Simon Phillips, Protocol V Review
by Nolan DeBuke
Simon Phillips is back with another album in his Protocol jazz-fusion series called Protocol V. Phillips has created an outstanding roster with guitarist Alex Sill, saxophonist Jacob Scesney, keyboardist Otmaro Ruiz, and long-time bassist Ernest Tibbs. Phillips is an entirely self-taught composer that debuted his Protocol project in 1989, followed by Protocol II (2013), Protocol III (2015), and Protocol IV (2017). Throughout, Phillips has grown his vision for instrumental music with pop sensibility and lyrical melodies over a complex rhythmic and elusive harmonic foundation. Of the original members (guitarist Andy Timmons, keyboardist Steve Weingart, bassist Ernest Tibbs), Tibbs remains in the fold; he joined keyboardist Dennis Hamm(Thundercat) and guitar virtuoso Greg Howe for Protocol IV. In addition, Tibbs recommended the group’s newest members: veteran keyboard magician Otmaro Ruiz and two prodigiously gifted young players, guitarist Alex Sill and saxophonist Jacob Scesney.
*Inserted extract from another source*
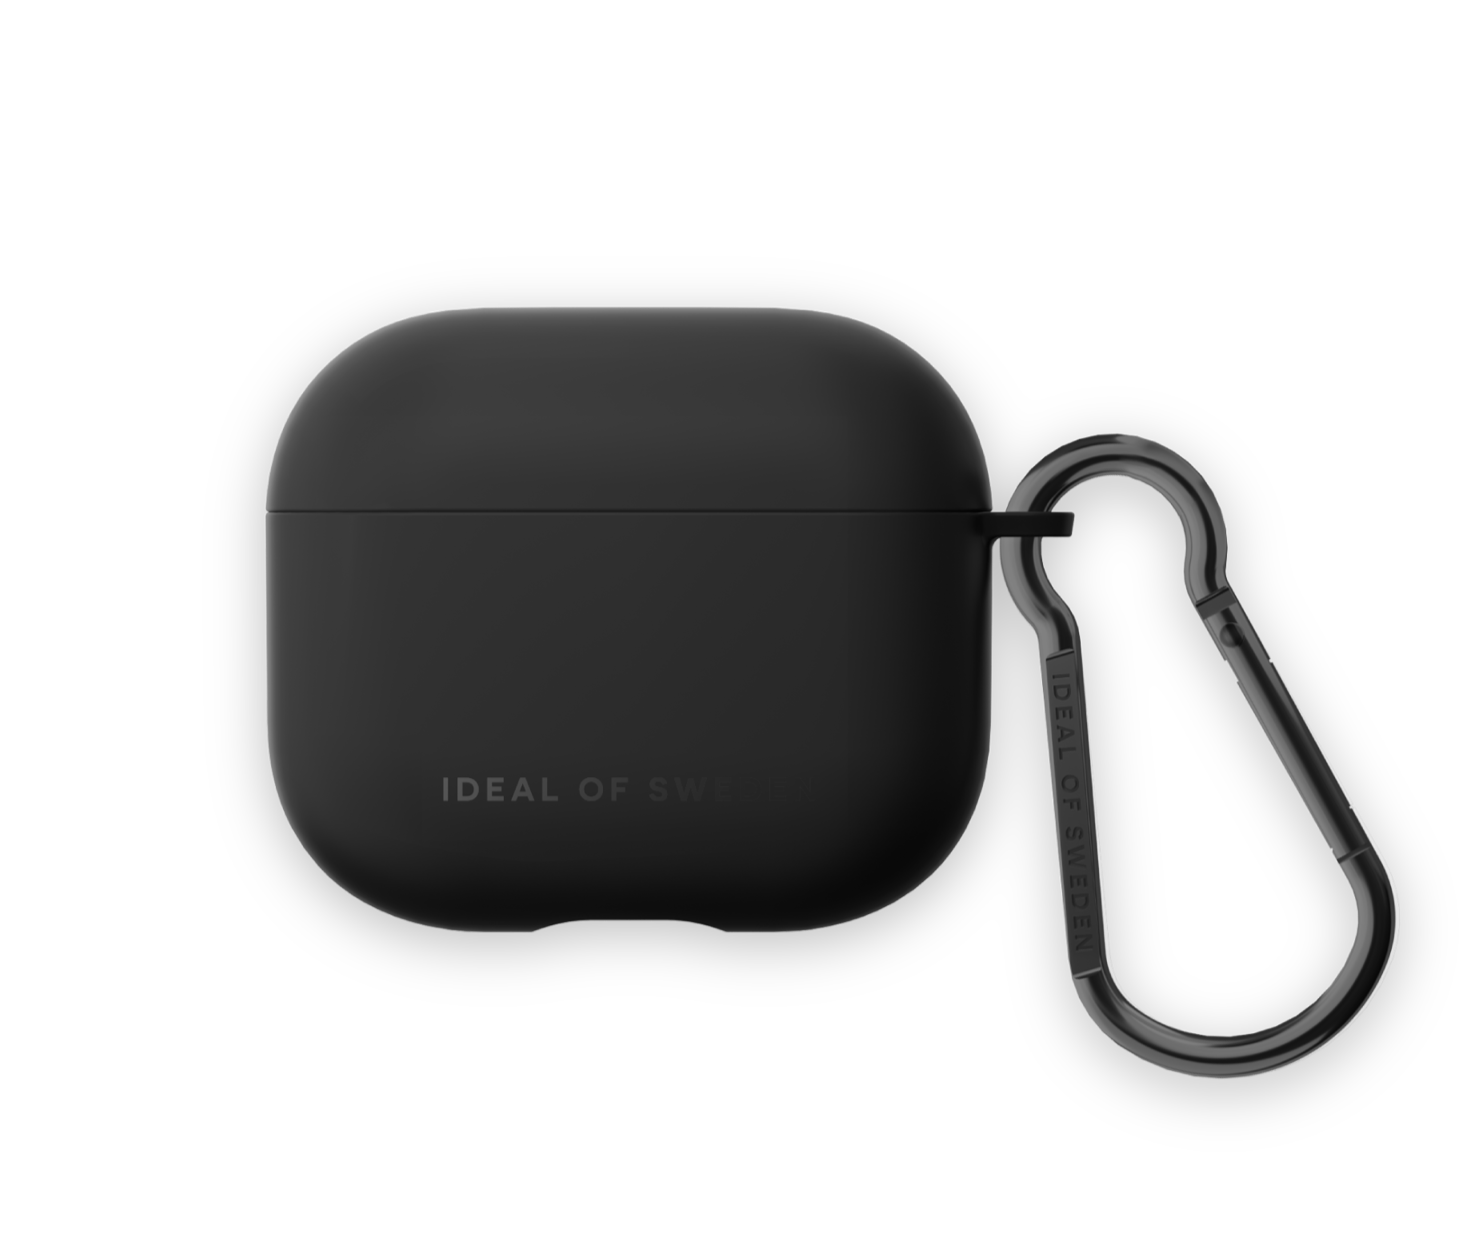 Ideal of Sweden Airpods Case 3rd Generation

“Undeviginti” (Latin for 19, literally “20 less one”) captures the energy that Phillips is known for with its 19/16 time signature. “Whatever meter I’m in, I always try to make it grooveable and play it the simplest way possible,” says Phillips. “When we were learning this one, Otmaro asked me, ‘What is the clave?’ Once I clapped out the pseudo-clave for 19, he got it right away. And when you’ve got it, you don’t need to count anymore.” Phillips and Tibbs instantly create a groove for the introduction. The cyclic melody is a riffed-based catchy figure with Sill’s warm, distorted guitar responding to its call. The groove flows naturally as Sill takes the first solo. His jazz-fusion language is spot-on as his legato lines build his melodic explorations. Scesney’s saxophone follows, with equal energy and melodic colors. A fine example of Phillips’ natural ability to create flowing complex grooves that are highly musical and satisfying to hear.
“The Long Way Home” has a world music overtone with its shifting rhythms and scale colors. Phillips drums sound full, balanced, and sing with harmonic overtones. He is equally gifted as a studio engineer a performer, and composer. The melody allows the brilliant players to demonstrate their chops as they expertly navigate the song form. “With Ernest (Tibbs), it’s always grooving no matter how tricky the music is,” Phillips says. “That’s so important to me.” That chemistry is again the backbone upon which both Scesney and Sill build beautiful solos.
Protocol V is seven compositions that feature a new lineup of gifted musicians joining Phillips and Tibbs. Phillips compositions are perfect vehicles for the ensemble to explore, and the playing is interactive and deep with feeling and listening. Protocol V is a MUST HAVE for fusion lovers and beyond.